The plateau is known as the “roof of the world” and still remains the third least-populated place on Earth.

The team confirmed the timeline after finding stone artifacts at the Nwya Devu Paleolithic site located 15,000 feet above sea level in the Changthang region of northern Tibet.

The artifacts discovered were buried undisturbed underground, reliably confirming their age.

“It really is the first robust case to be made that there were human populations on the high plateau,” Jeff Brantingham, an archaeologist at the University of California, Los Angeles, who studies the peopling of the Tibetan Plateau but was not involved with this study, told National Geographic.

Interestingly, no DNA was found on the stone tools so it is difficult to determine who made them.

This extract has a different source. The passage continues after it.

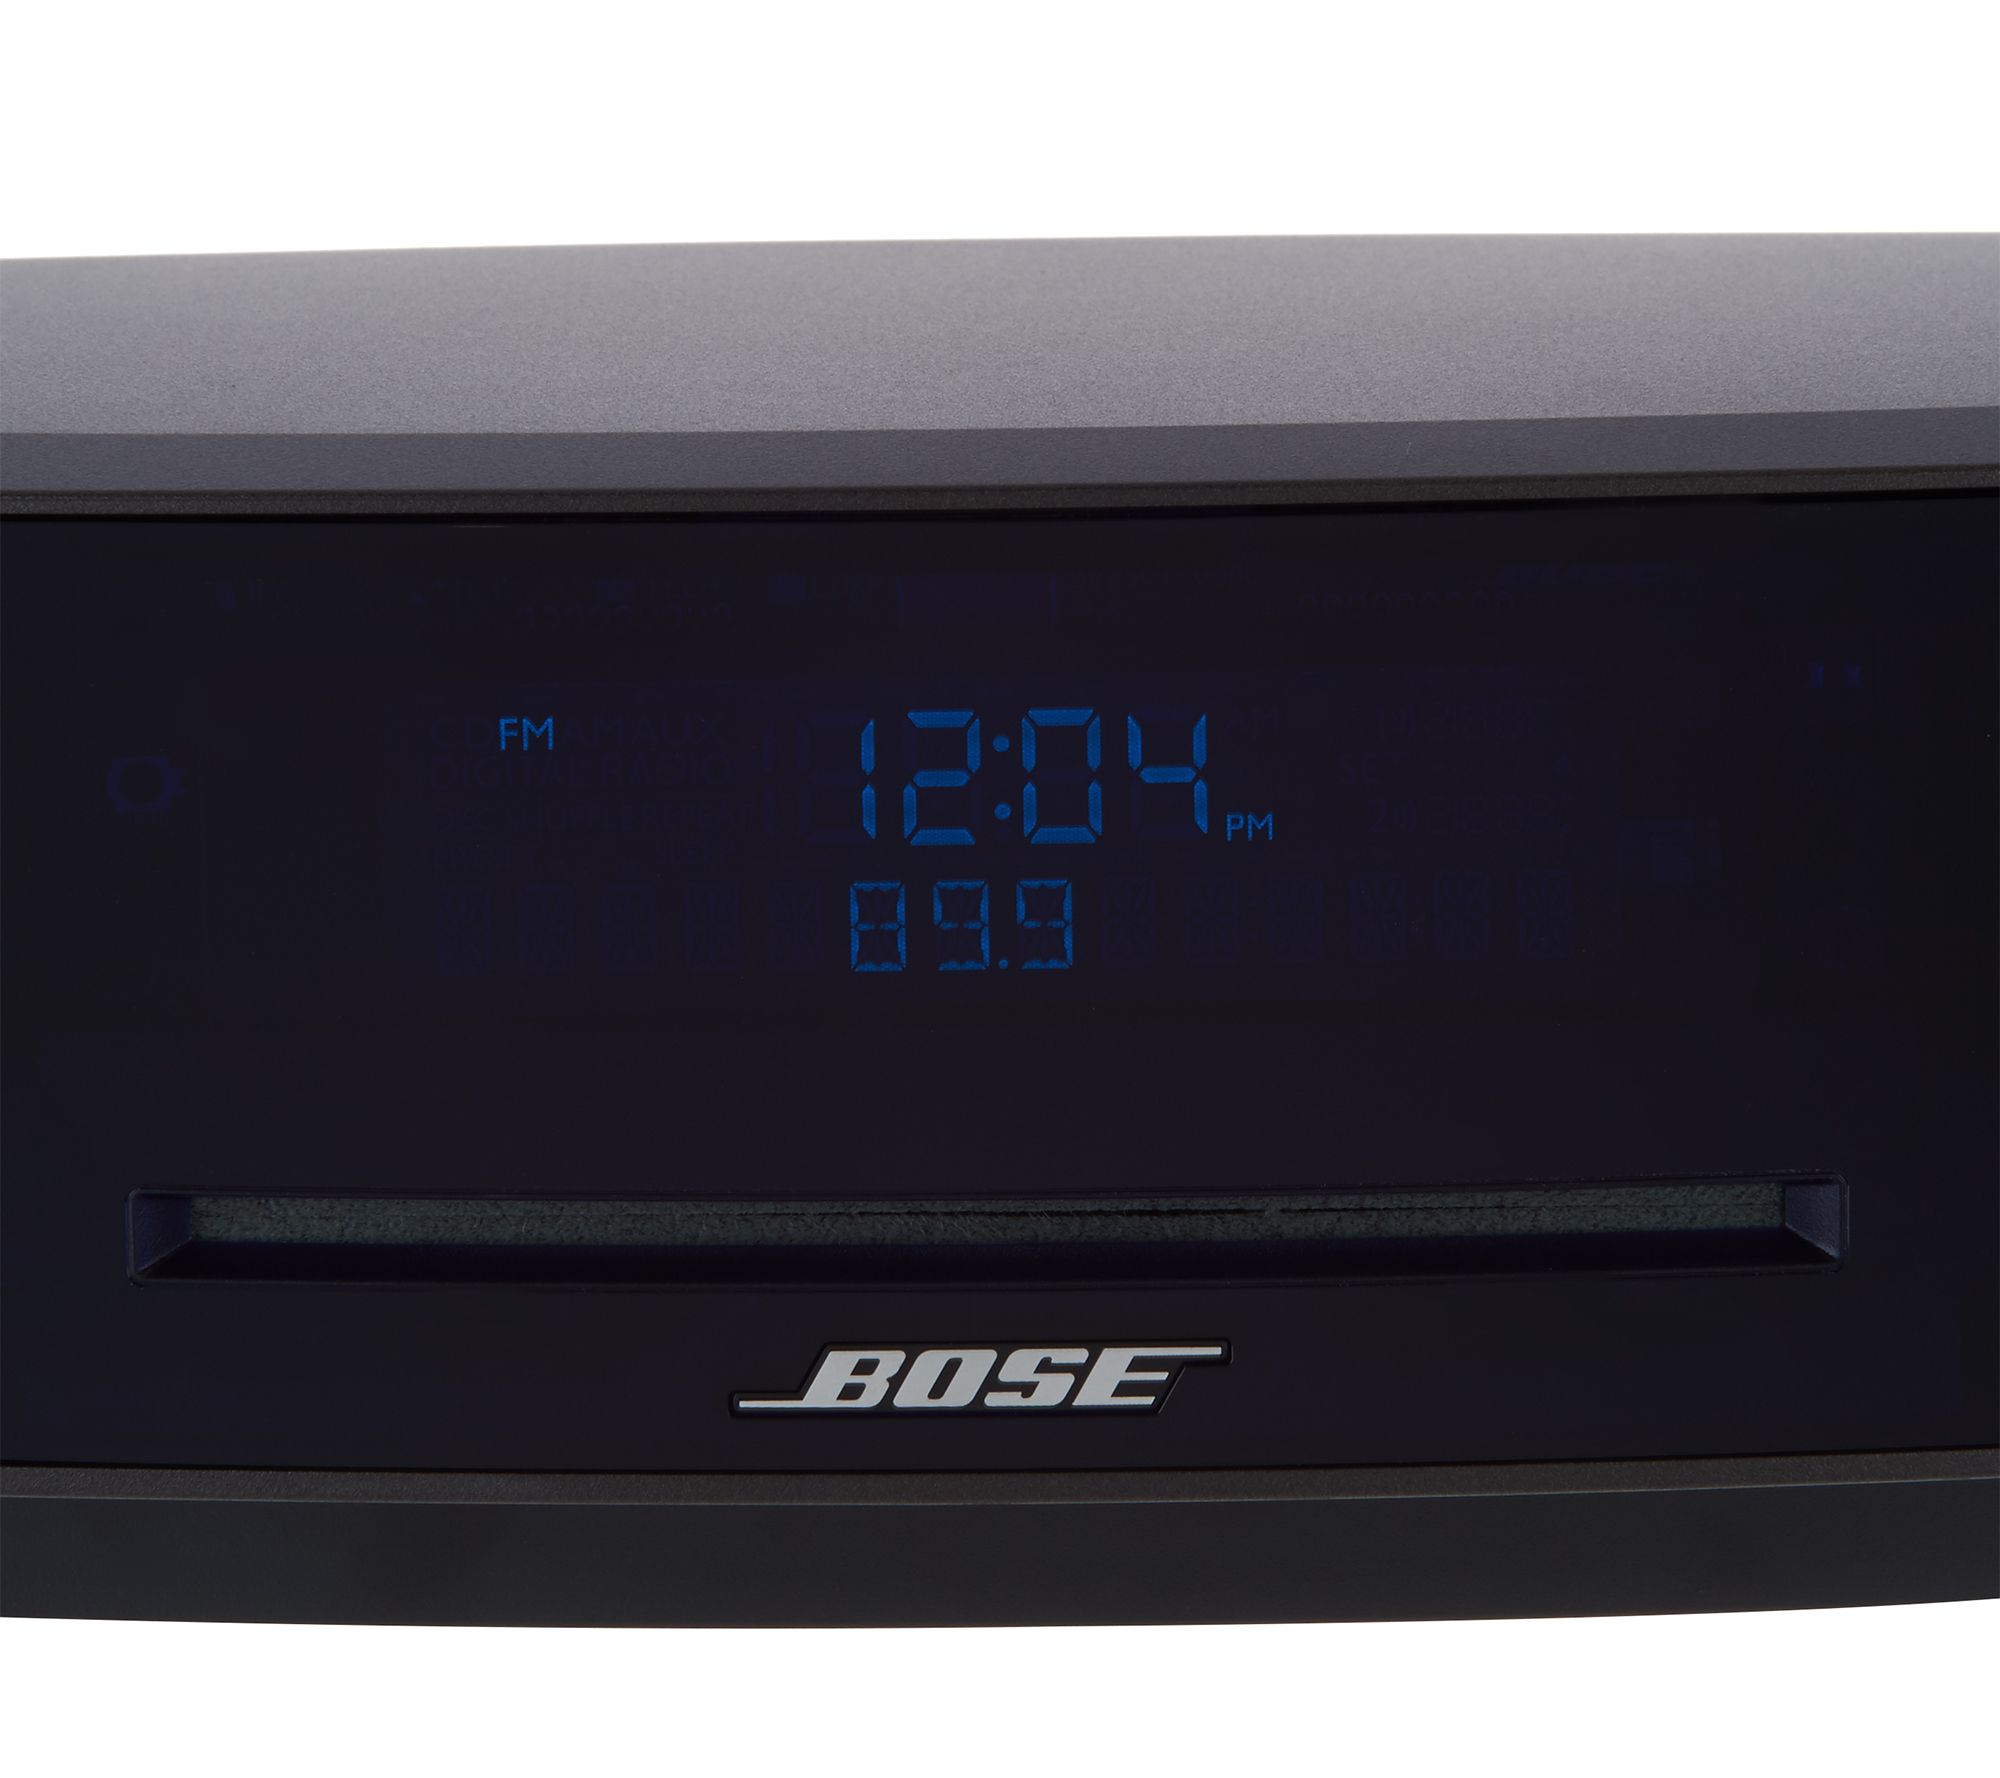 Le Bose Wave Music System SoundTouch IV 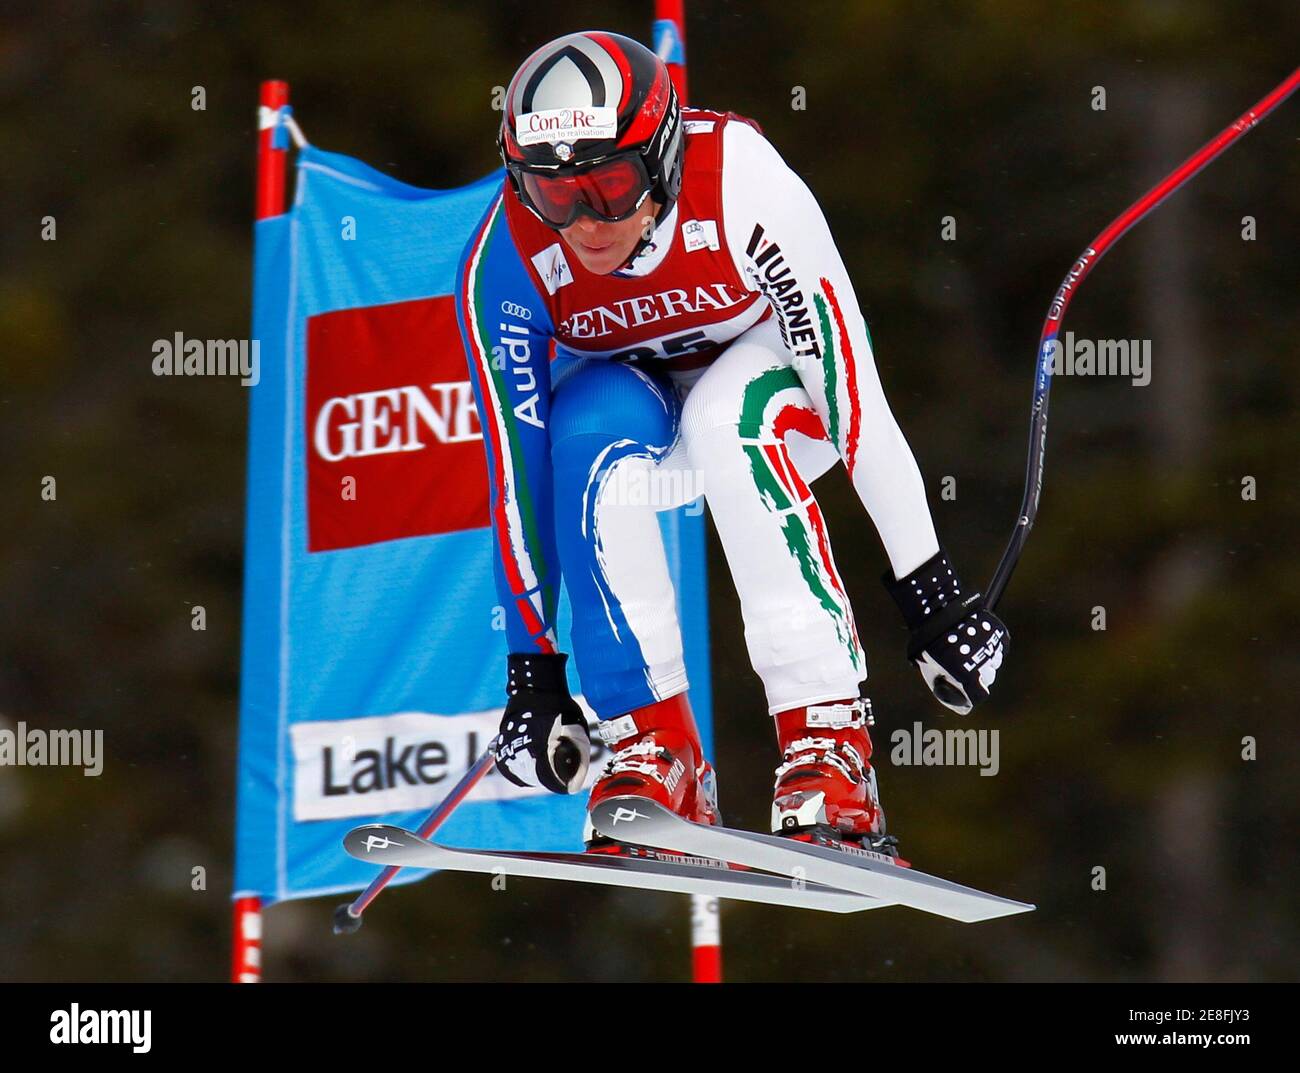 Lucia Recchia of Italy speeds past a gate during the women's World Cup downhill alpine skiing race in Lake Louise, Alberta December 5, 2009. REUTERS/Mike Blake (CANADA SPORT SKIING) Stock Photo

“The authors used the word ‘Tibetan’ a lot, and they act as if the people they’re looking at are in fact Tibetans — they’re not,” National Geographic explorer Mark Aldenderfer, an archaeologist at the University of California, Merced, told the magazine. “We don’t know who these people were.”

Some studies indicate most modern Tibetan ancestry traces back to a population that separated from the Han Chinese roughly 9,000 years ago.

The archaeologists at the Nwya Devu say the tools are nearly identical to tools recovered from Mongolia and Xinjiang.

The site is about 186 miles northwest of Lhasa, the capital of Tibet Autonomous Region, and is the oldest and highest early Stone Age (Paleolithic) archaeological site known on Earth.